I was under assumption you controlled the software running the batch job. I didn’t suggest a new process for the sole purpose of the listening socket, but expected it could be opened by the same (only!?) process running in the container.

Of course, if that’s not the case, it won’t be the best way to go :wink:

I have a bigger issue. How does it do the health checks? It has to depend on the IP. But what if the IP is provided by a different source? E.g. if we use a networking plugin, or an event monitor (think pipework), which is what we do, or even DHCP?

How are we supposed to make the health checks work when net=none and we manage it separately?

Haha… oh, I do love corner cases :smiley:

I think for that to work, it would be better to be able to tell rancher if a service is down (so you can get rancher to proceed with migration logic etc). That way, you can let some other part in your system do the monitoring and alert rancher whenever a service is not responding properly.

Haven’t looked at the API regarding this, perhaps it’s already in there… @vincent ?

Set up another container to monitor it? Lot of extra work, sigh, and it would effectively be another, more lightweight, rancher agent: single container running on a host to manage other containers.

I am not sure how much of a corner case it is. The very strong desire for alternate networking - including using Rancher-managed-networking - indicates that the default bridge is not what many people want.

But, yes, I can see how you would have a hard time doing health checks if you do not know the IP in the orchestrator.

Just had the same issue today, aws asg deleted an instance due a instance status check failure and created a new one.
The host running the containers was in reconnecting state for 1.5hours and the load balancer (that runs on all instances) was still redirecting requests to to the failed host.
I imagined that an host is marked as “unavailable” after some time of reconnecting and services being migrated

So in the meantime… how do I get failover within the group of hosts to work?

OK, so I thought we had an answer… but it doesn’t work.

We added Rancher-managed networking (and then added our own other IPs), added health checks to port 22 (since sshd happens to be running on these, and it is a good test), completely brought down docker (and hence all containers) on one host… and the health checks continued to pass.
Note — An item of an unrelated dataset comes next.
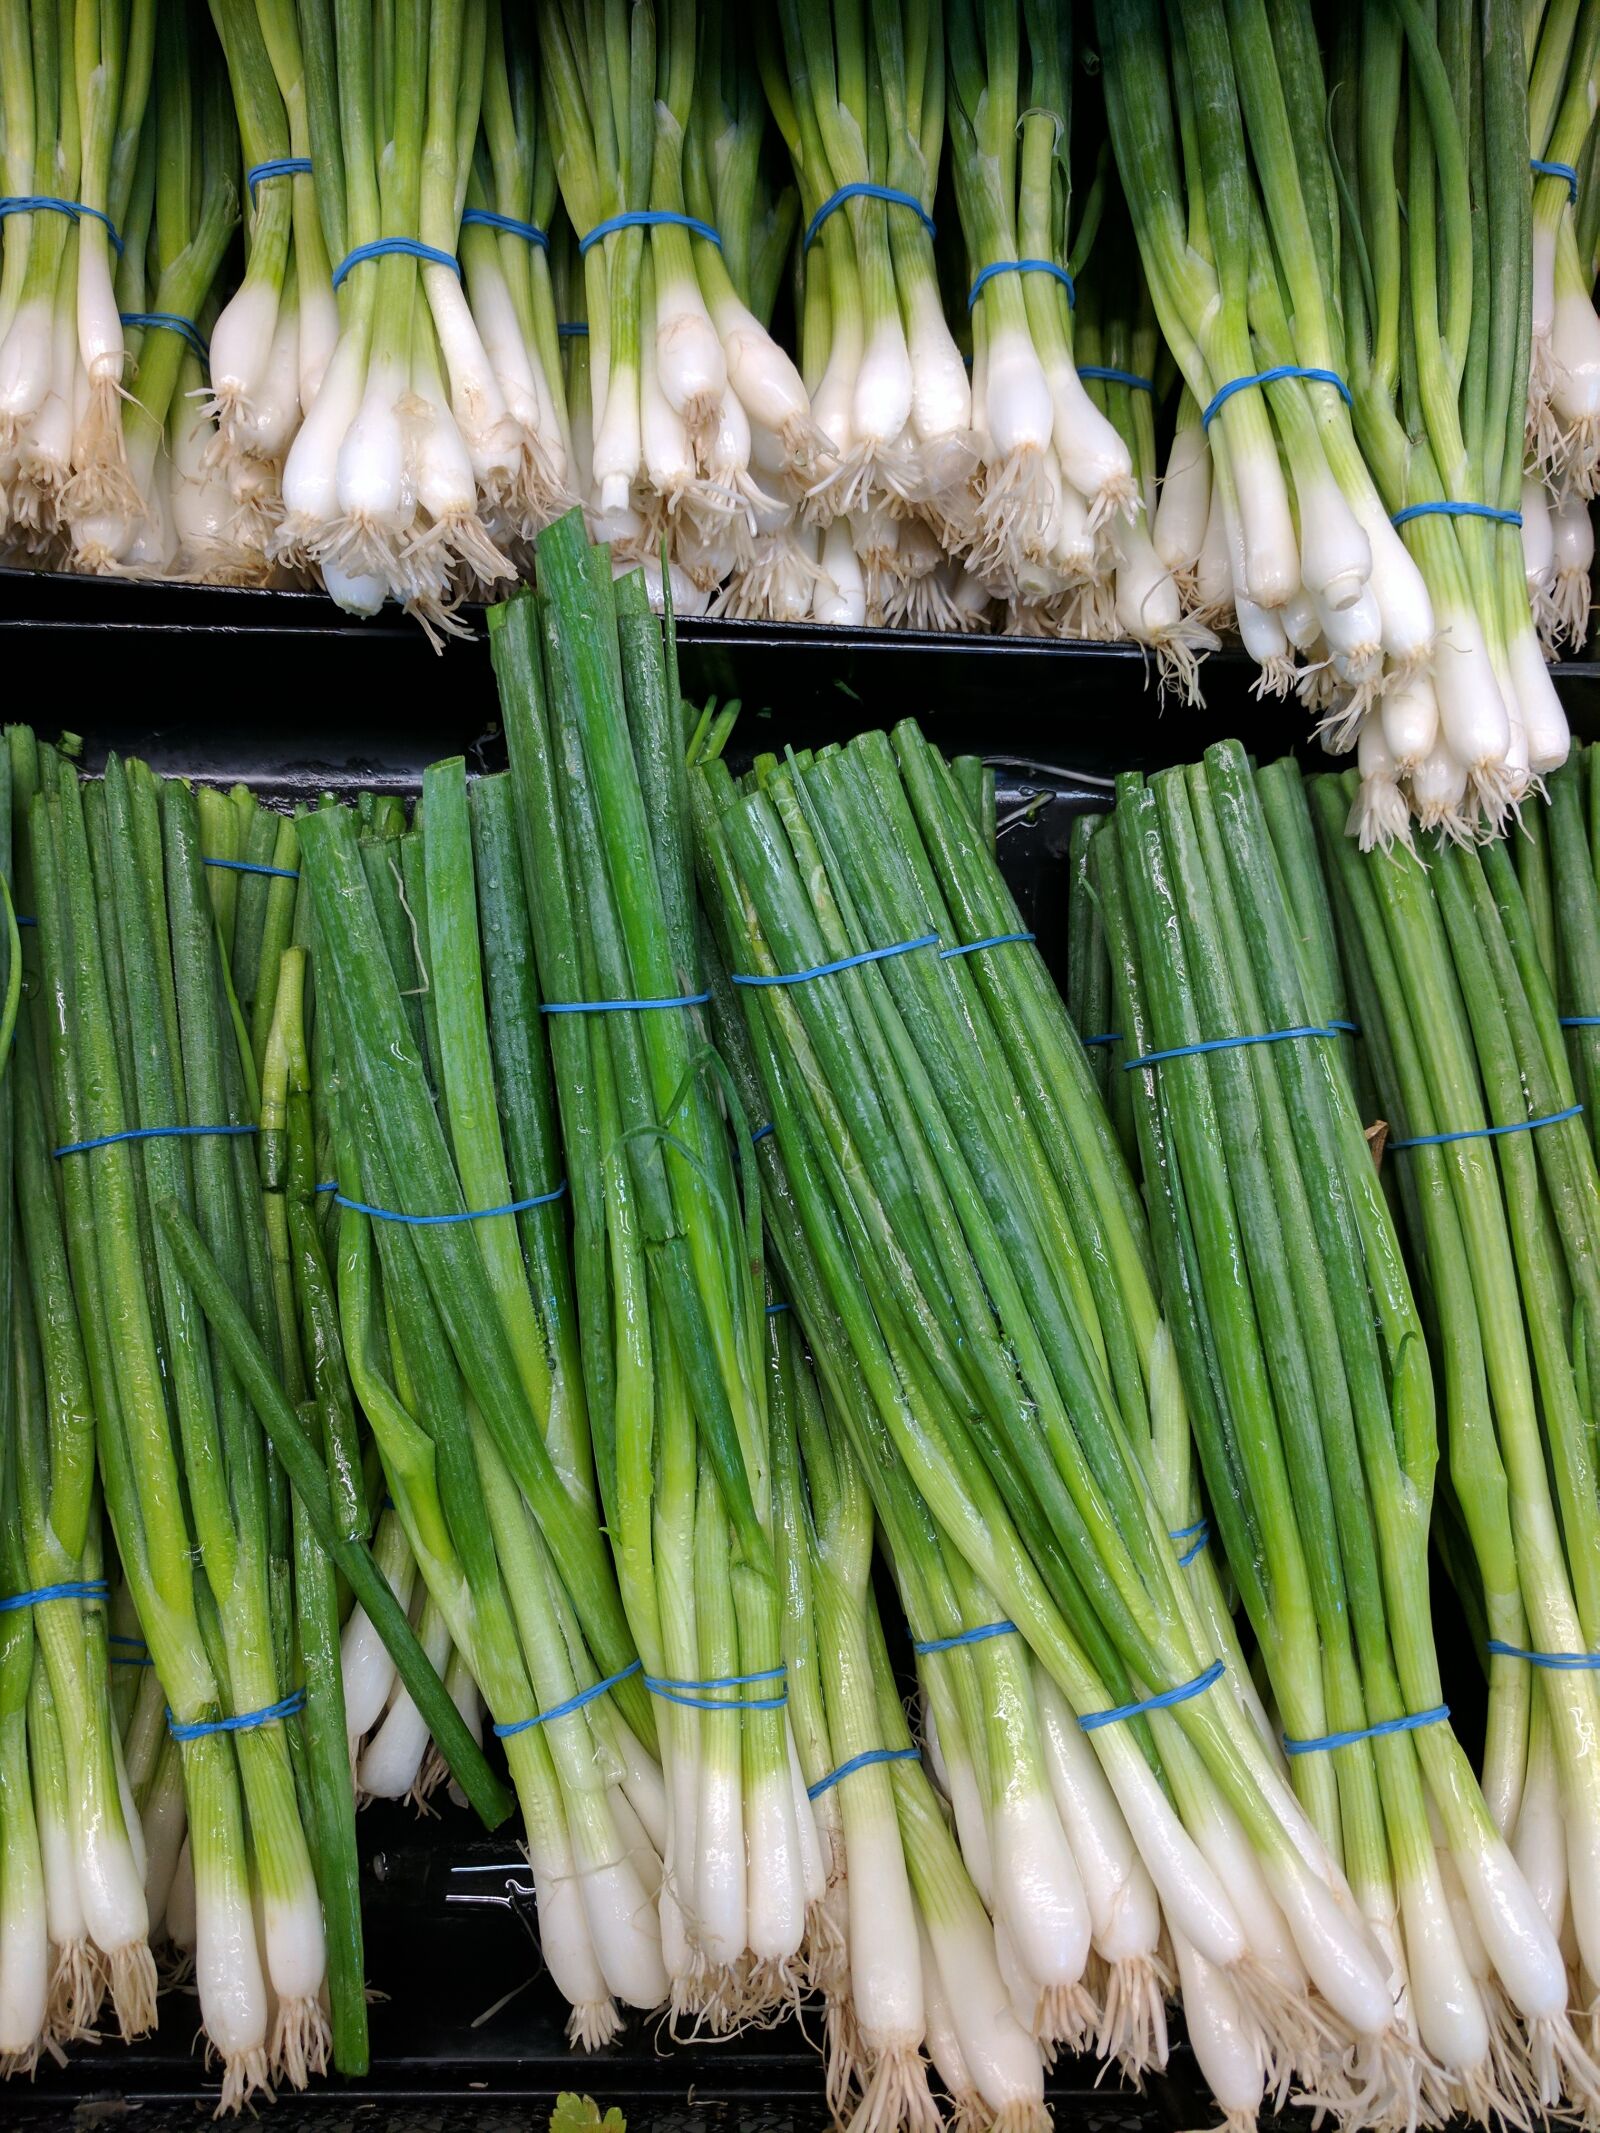 Google Pixel XL sample photo. Green onions, grocery store photography

It didn’t fail them over.

We checked on the containers themselves, eth0 definitely is getting a docker-bridge-managed IP and the Rancher-managed IP, but killing docker entirely on the host has no impact on the health checks. We checked that pings fail the moment we stop docker - which means, of course, that port 22 also is not answering.
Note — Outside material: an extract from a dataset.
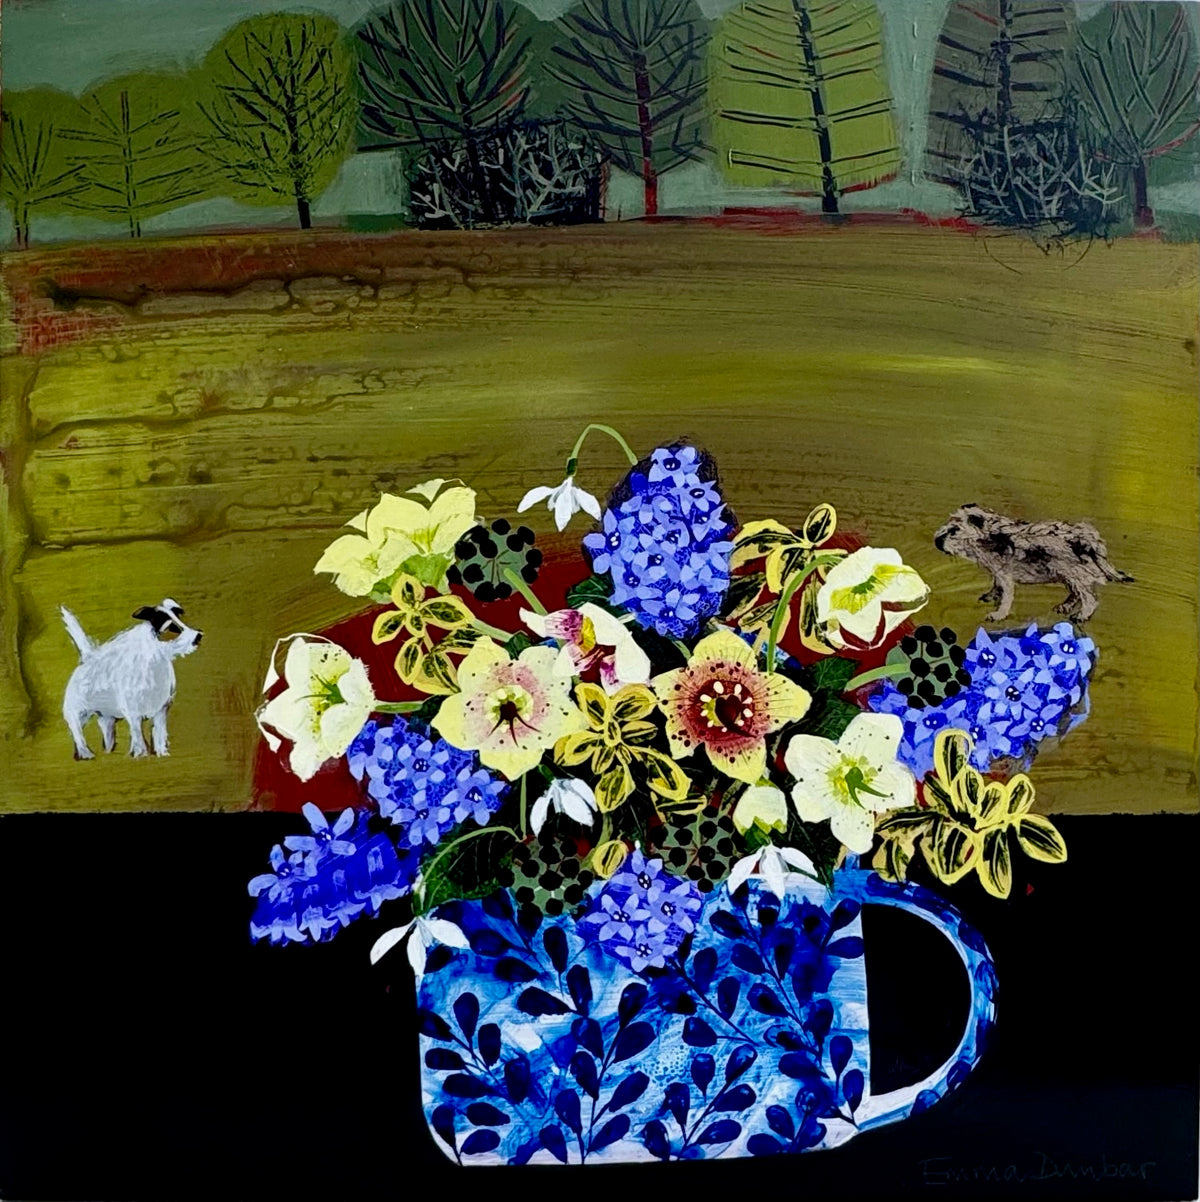 &#39;Two Friends behind hellebores and hyacinths&#39; by Emma Dunbar available at Padstow Gallery, Cornwall

We need a better understanding of how to explore the behaviours of health checks, so we can understand why they are failing here.

FYI, this is still an issue. I opened an issue at github as well.
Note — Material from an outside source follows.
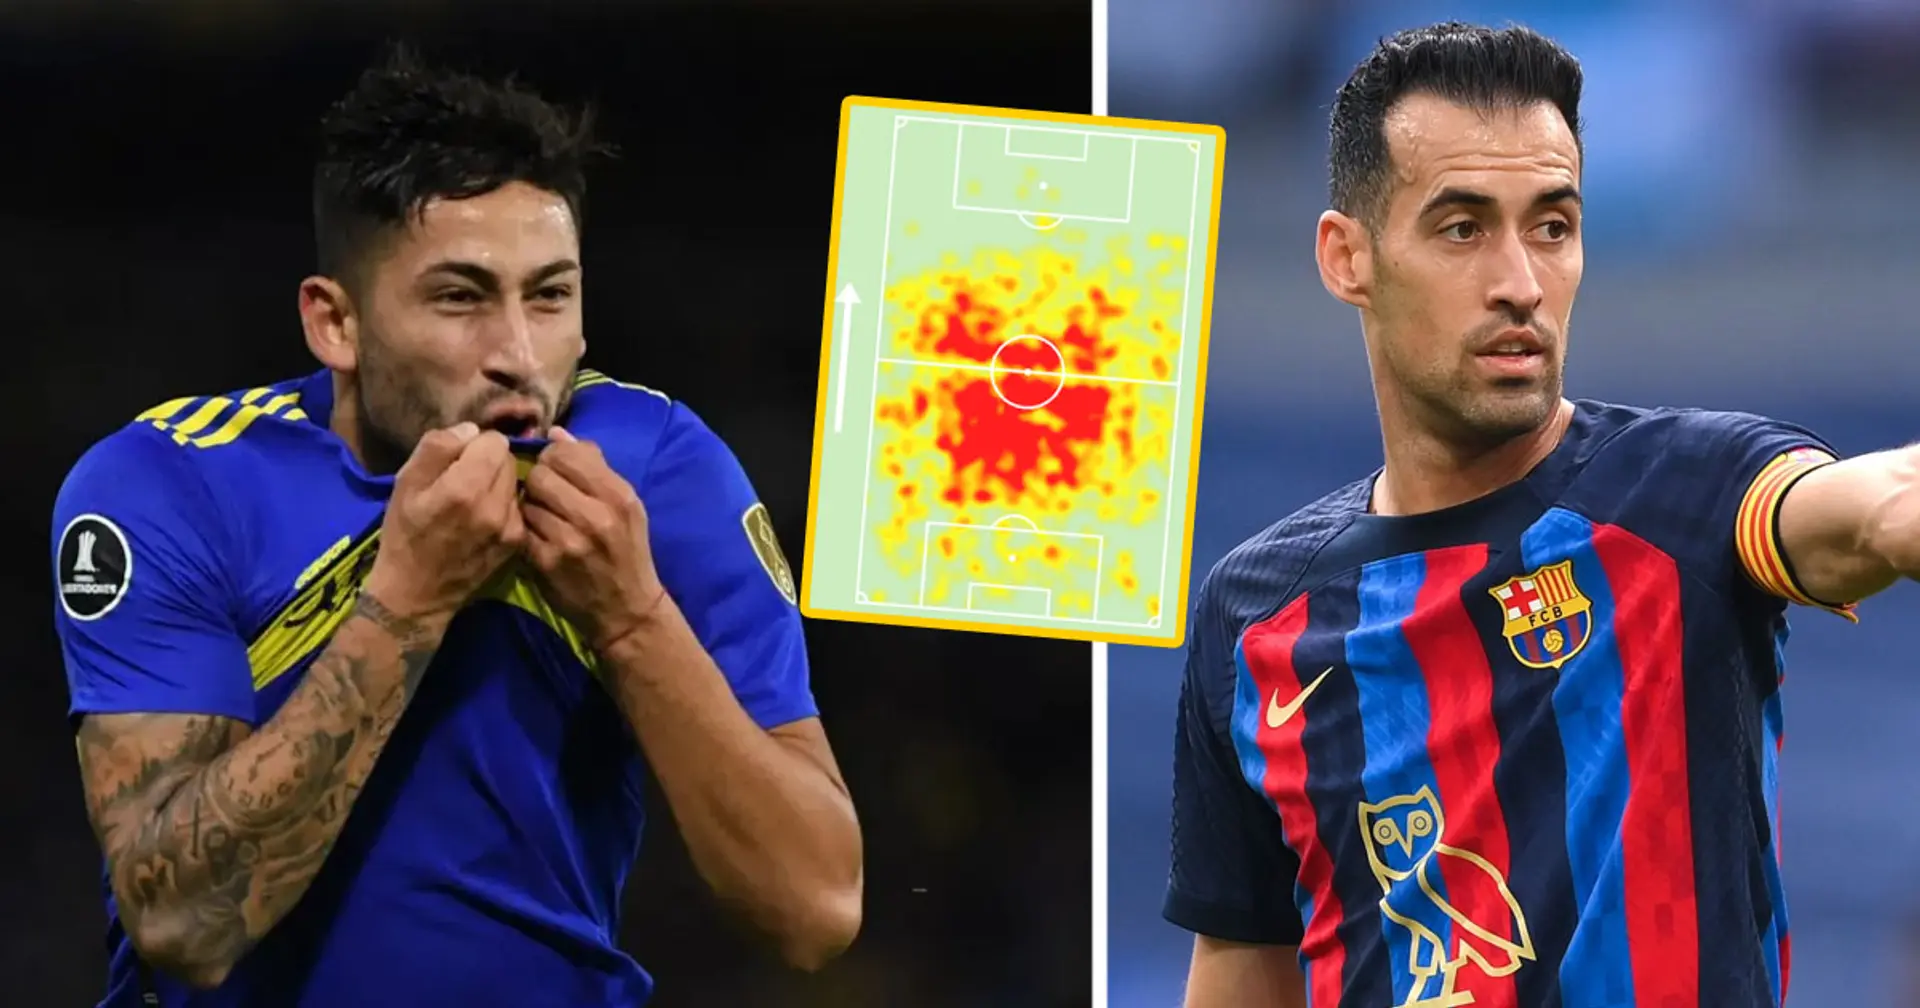 Barca identify Argentine talent as possible Busquets successor - he has ties with Barca

Container with Rancher-managed IP and health checks properly set up, bring down host entirely, health checks continue to say “healthy”. network-agent is verified as running on an alternate host.

Is there a solution for this. I had an instance fail and be respawned by an aws auto scaling group, the old instance stayed in reconnecting until I noticed the instance was down. The new instance was sitting idle and all containers on the old host were reporting healthy.

Just to clarify, the old containers had healthchecks enabled. They’d ping their own sites to determine health, but someone once the host died it stayed healthy.

Is each host itself responsible for doing the healthchecks? Like if Host A runs three containers that do healthchecks, is the HostA rancher agent doing the actual healthcheck or it is distributed among other hosts/main rancher server?

How many hosts do you have?

You could be hitting this issue:

It does look similar, but I don’t believe mine to be much simpler. I create two hosts, then create a service with 2 instances that have health checks, and create a load balancer. I then kill one instance externally. The services on that host will never move to the health one. If I create a new instance, they won’t move either. If I restart them they’ll move or if I delete their host through rancher they’ll move.